HadioFS: Improve the Performance of HDFS by Off-loading I/O to ADIOS
Type of Degreethesis
MetadataShow full item record
Hadoop Distributed File System (HDFS) is the underlying storage for the whole Hadoop stack, which includes MapReduce, HBase, Hive, Pig, etc. Because of its robustness and portability, HDFS has been widely adopted, often without using the accompanying subsystems. However, as a user-level distributed filesystem designed for portability and implemented in Java, HDFS assumes the standard POSIX I/O interfaces to access disk, which makes it difficult to take most of the platform-specific performance-enhancing features and high performance I/O techniques that have already been very mature and popular in HPC community, such as data staging, asynchronous I/O and collective I/O, because of their incompatibility to POSIX. Although it is feasible to re-implement the disk access functions inside HDFS to exploit the advanced features and techniques, such modification of HDFS can be time-consuming and error-prone.

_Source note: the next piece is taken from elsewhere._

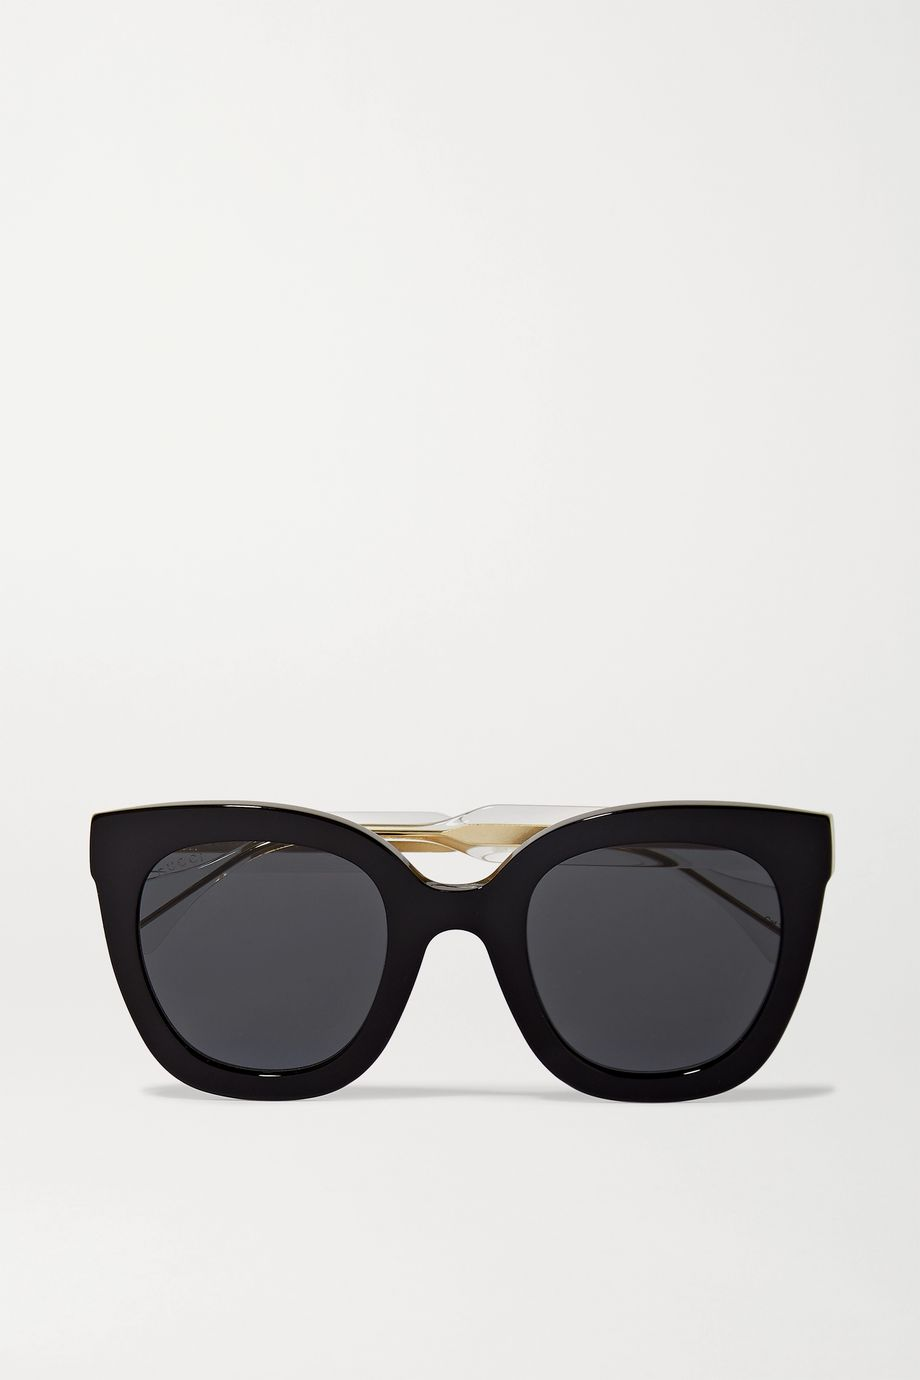 Gucci Anima Décor 超大款板材猫眼太阳镜

In this paper, we propose a new framework HadioFS to enhance HDFS with Adaptive I/O System (ADIOS), support many different I/O methods and enable the upper application to select optimal I/O routines for a particular platform without source code modification and re-compilation. Specifically, we first customize ADIOS into a chunk-based storage system so that the semantics of its APIs can fit the requirement of HDFS easily; then we utilize Java Native Interface (JNI) to bridge HDFS and the tailored ADIOS together. We use different I/O patterns to compare HadioFS and the original HDFS, and the experimental results show the feasibility and benefits of the design. We also shed light on the performance of HadioFS using different I/O techniques. To the best of our knowledge, this is the first attempt to leverage ADIOS to enrich the functionality of HDFS.